In timely World Cup fashion, these interesting looking gummies from Haribo arrived on the Suze express the other day:A Haribo candy made expressly for the 2014 World Cup? I took a look at the fruits on the bag, which Haribo usually includes to give you an idea of the flavors inside. Hmmm….
Apparently, despite only looking like there’s 3 different flavors, there are 4. And they’re shaped like little footballs, yay! Shape aside, how do these flavors sound to you?:
Lime & Watermelon
Blueberry & Coconut
Honestly, they all sound good to me, with the caveat of blueberry coconut. I’ve never even thought of that combo before, but…it can’t be that bad, right? Before we delve into the eating experience, let’s talk about the “hold up” factor on these. If you look at the bag above, you’ll see some faint evidence of moisture sticking to the clear bag insides. Never a good sign. But to look even closer, check out this close up:
As you can see, some of the foamy/marshmallowy bottoms has melted on the the tops on lots of these. Kinda gross looking, and YES, they traveled across the world, but still…c’mon, Haribo. We know you can do better-I’ve never experienced this before, and ‘ve experienced a lot of Haribo shipped overseas. Honestly though, this doesn’t bother me so much, aside from the annoyance of getting super sticky fingers when handling them. What annoyed me-nay-terrified me, was the experience of eating them.
Wow. Absolutely vile. I don’t know how Haribo managed to make such seemingly good flavors taste offensive, but between myself and the family Guru, no one liked any of them. In fact, Jonny Guru Jr. & Mrs. Guru spat all of theirs out. Not the most winning sign.
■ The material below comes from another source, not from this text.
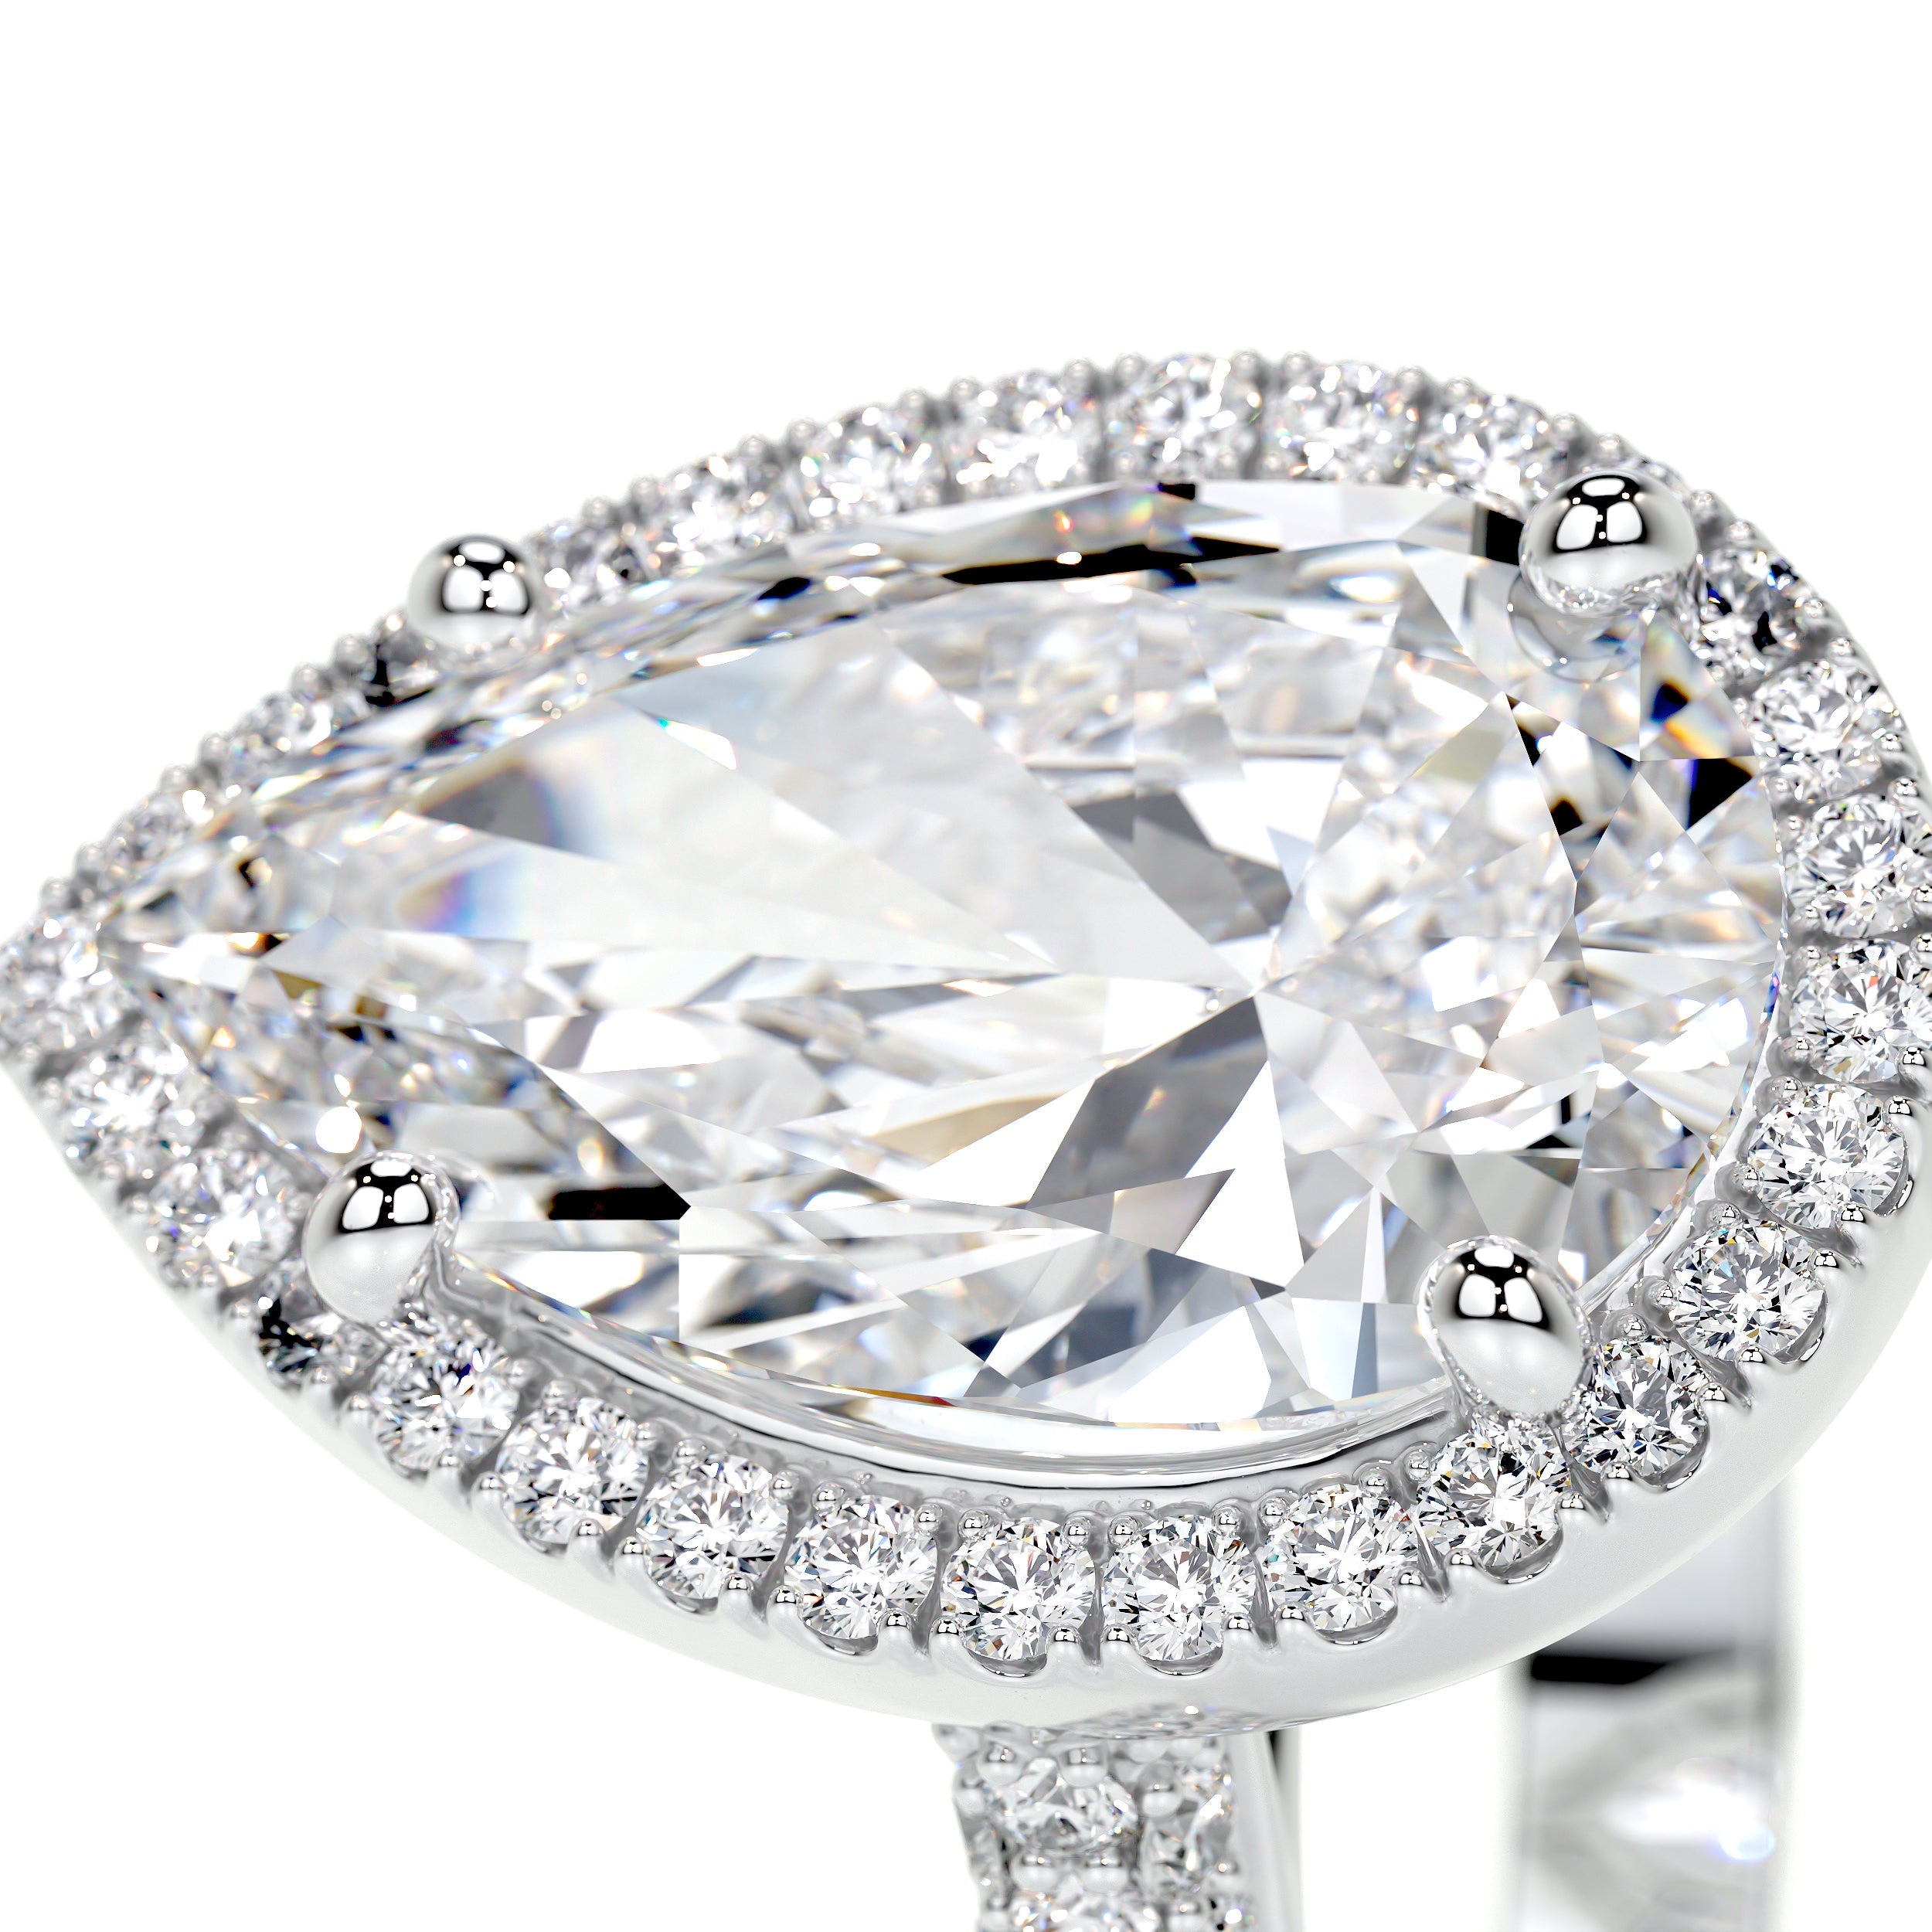 Margarita Lab Grown Diamond Ring   (3.5 Carat) -14K White Gold

To be a bit more fair, most of the flavors were too perfumy and sweet, but not disgusting”. Completely non descript and confusing though-it was impossible to pinpoint the flavor, even though I knew them! The blueberry coconut though? Wow. Never have I hated a coconut candy as much as this. It’s an island fun coconut vibe that’s suddenly overshadowed by…dull sweetness with a weird off additional tropical edge-it just culminated into tasting like a horrid cocktail.
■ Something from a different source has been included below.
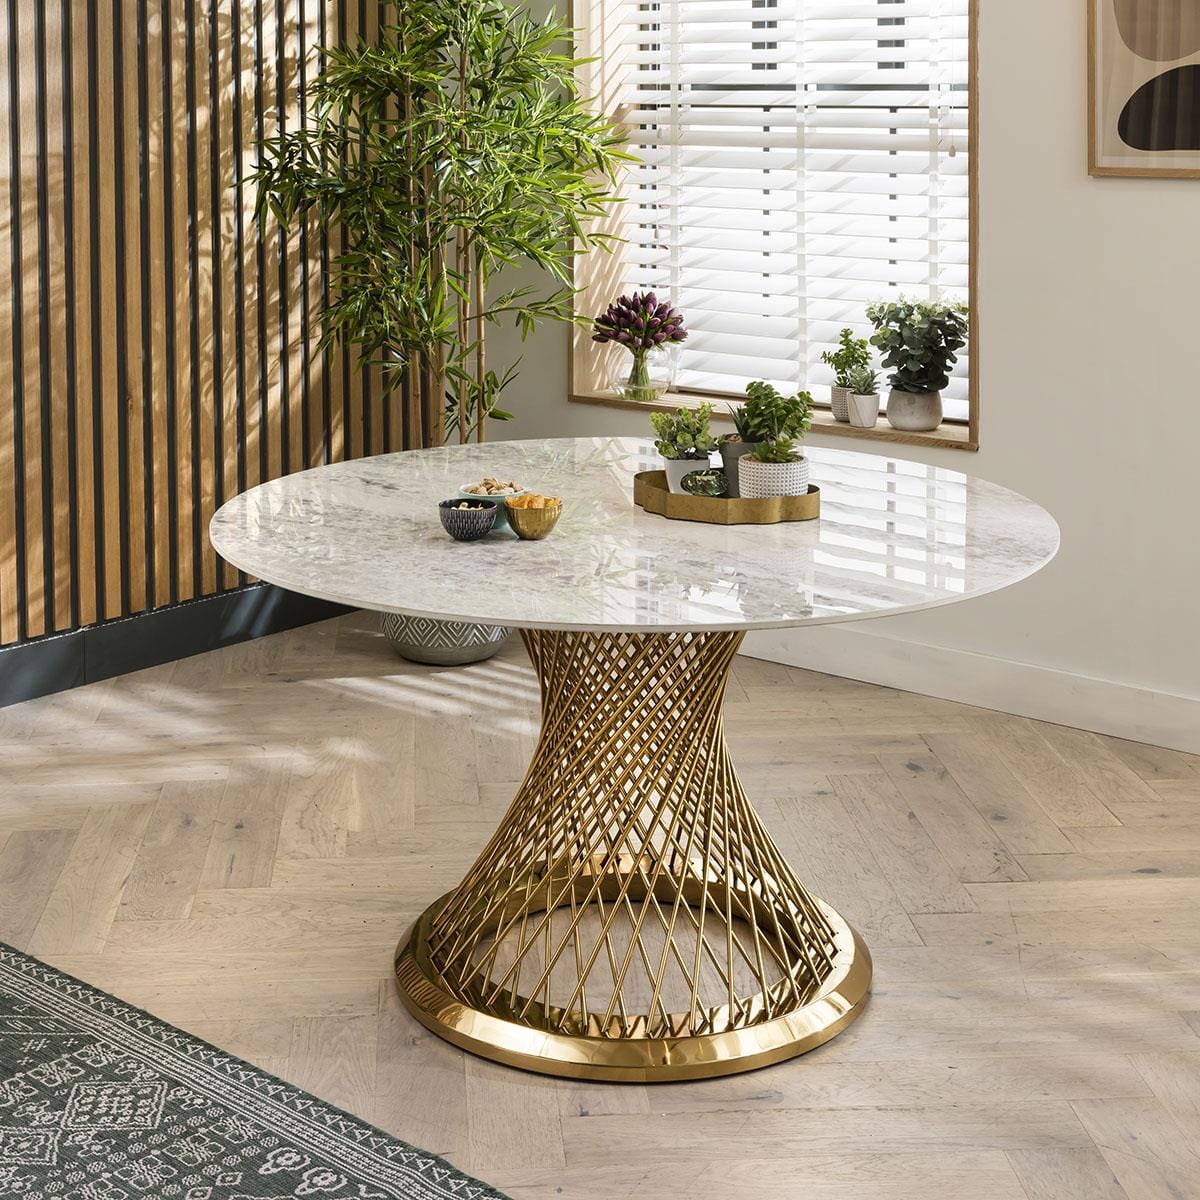 Quatropi Sunburst Ceramic Dining Table - White 135cm

These are bad. Real bad. And while I give Kudos to Haribo for trying to make something timely, they screwed the pooch big time. How about Caipirinha, coconut, and lime as the three flavors? What they delivered was too much, too muddled, and way to gooey.
So put back your Vuvuzela, and eat something else while watching this (I guess) wonderful footie tournament. And don’t hold this against Brazil-sure, they might not be known for their candy- at ALL- but I promise you, they can do better than this.